## PROBLEM STATEMENT
Pictures are to be dropped, and only the lines from the one containing "Pallbearers carry the" through the end of the data below are to be reproduced as written.

## EXERCISE DATA

Content starts

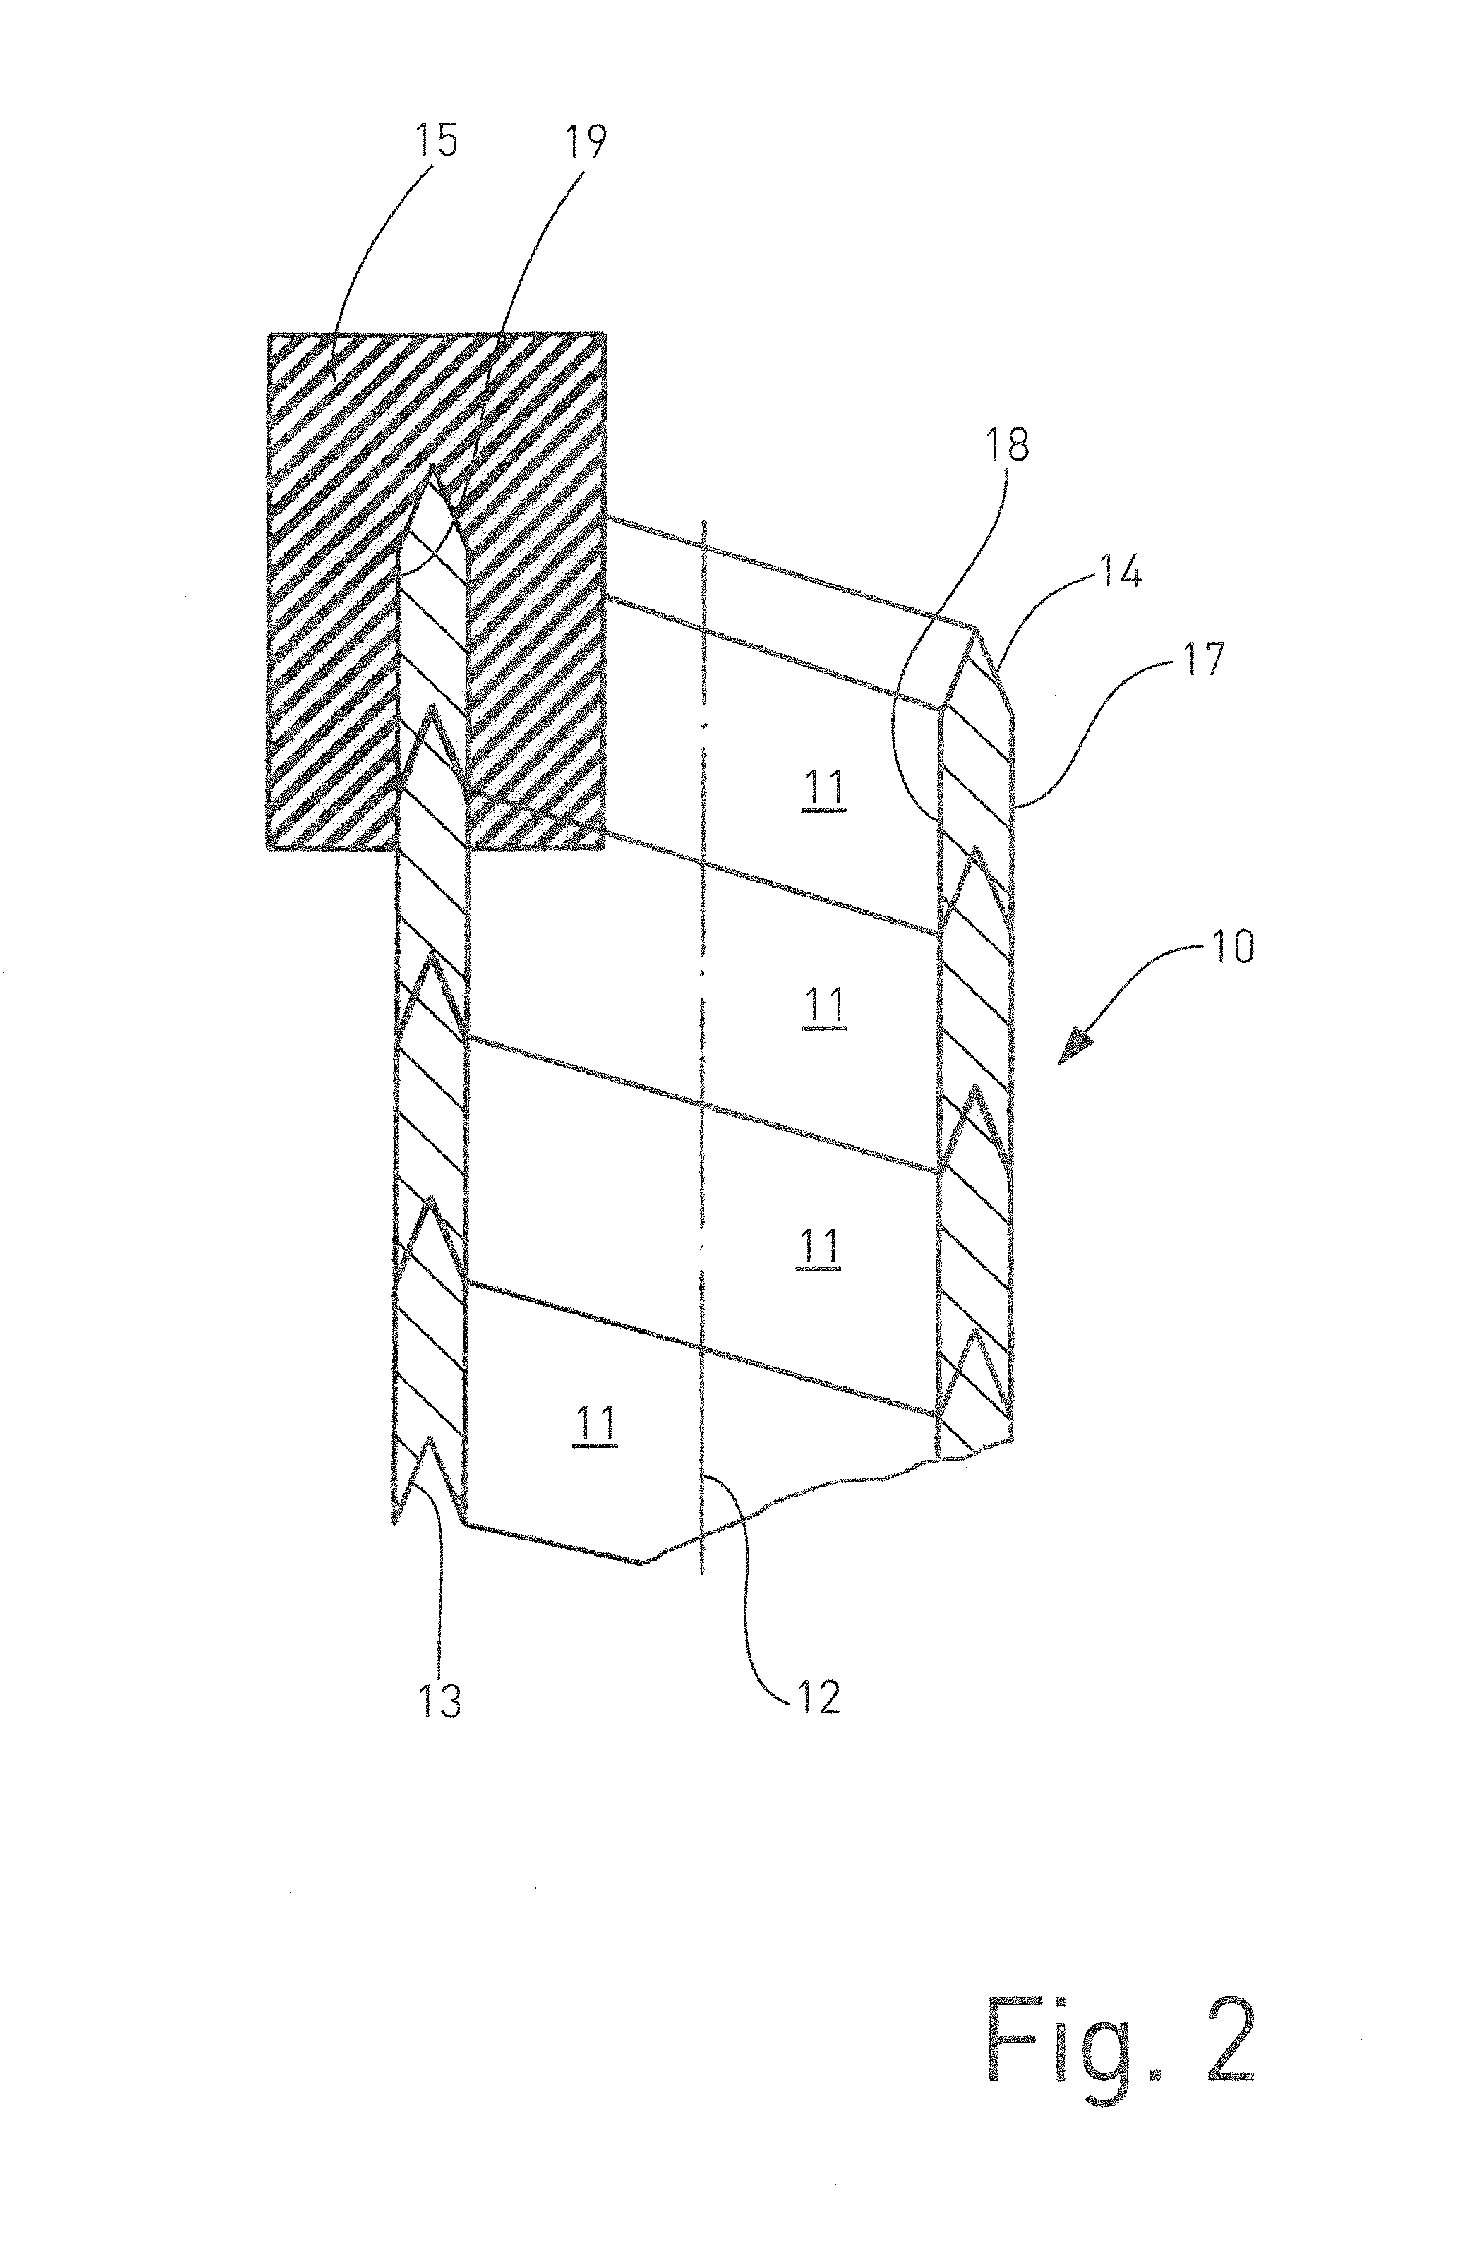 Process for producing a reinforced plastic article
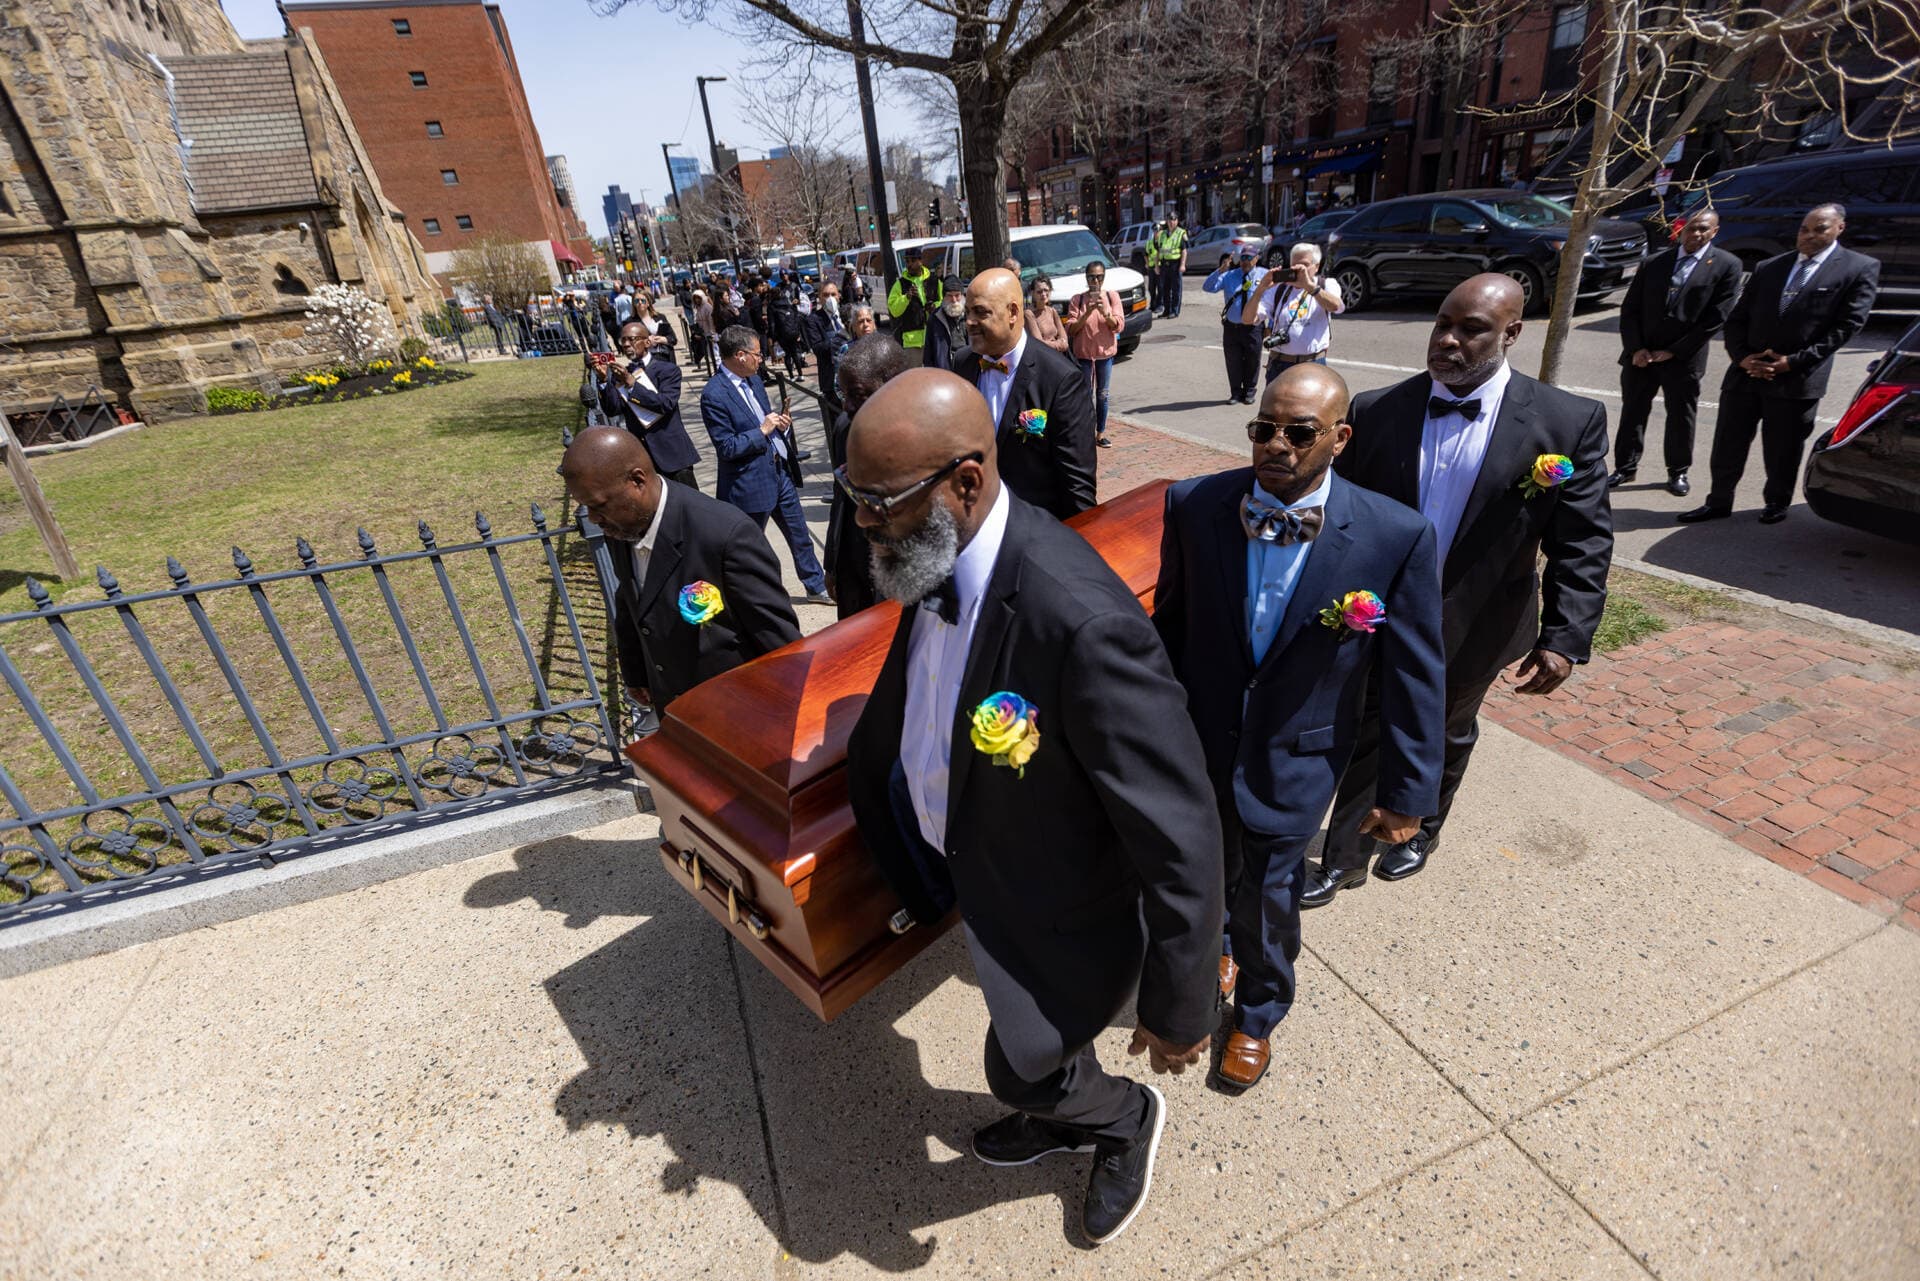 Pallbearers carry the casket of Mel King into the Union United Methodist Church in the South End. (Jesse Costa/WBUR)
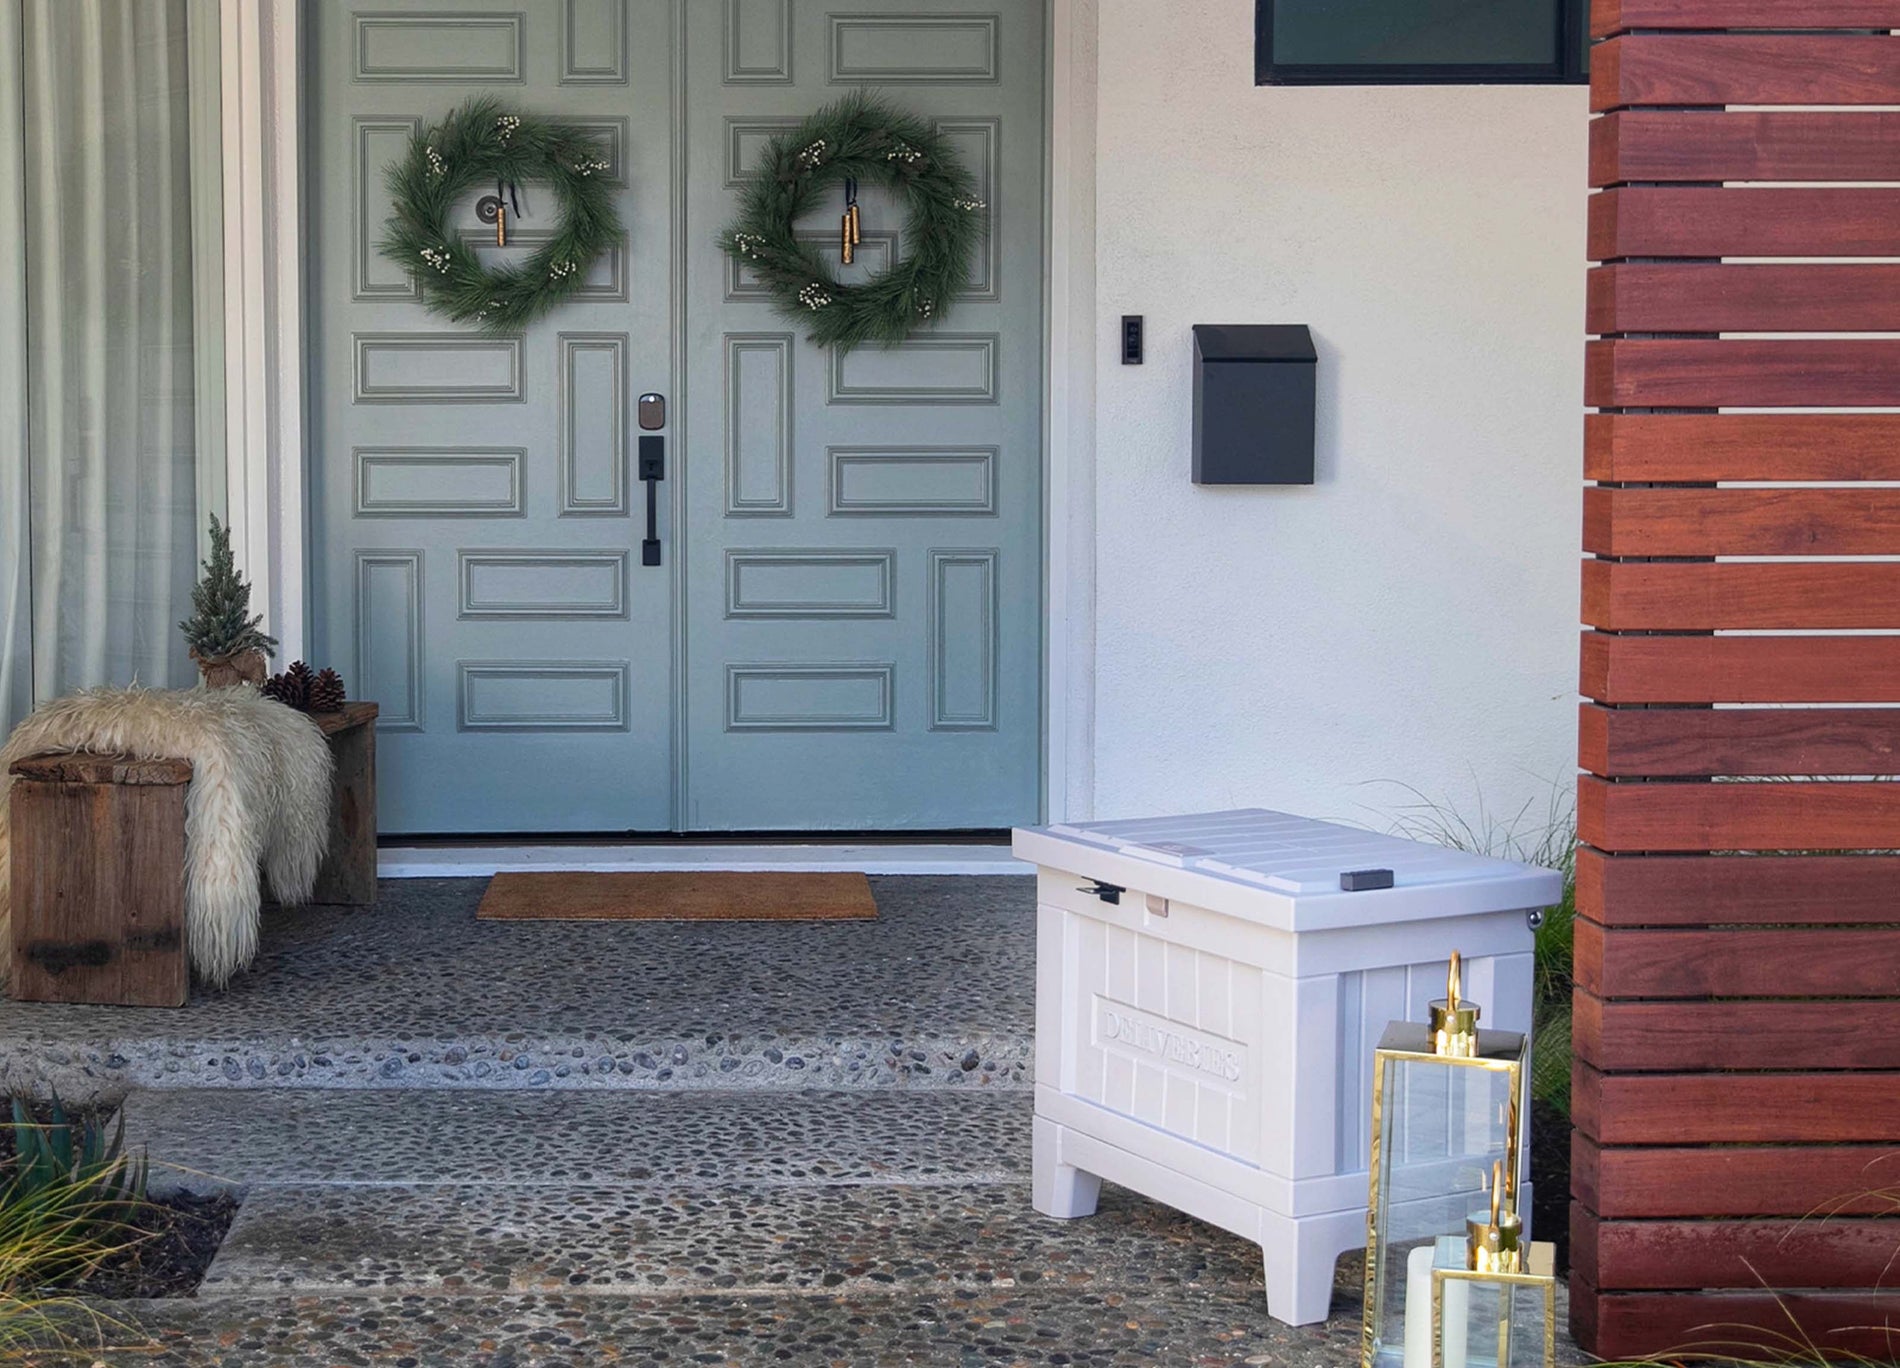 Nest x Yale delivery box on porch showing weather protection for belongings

Content ends

## REPLY TO THE EXERCISE
 Pallbearers carry the casket of Mel King into the Union United Methodist Church in the South End. (Jesse Costa/WBUR)
 Nest x Yale delivery box on porch showing weather protection for belongings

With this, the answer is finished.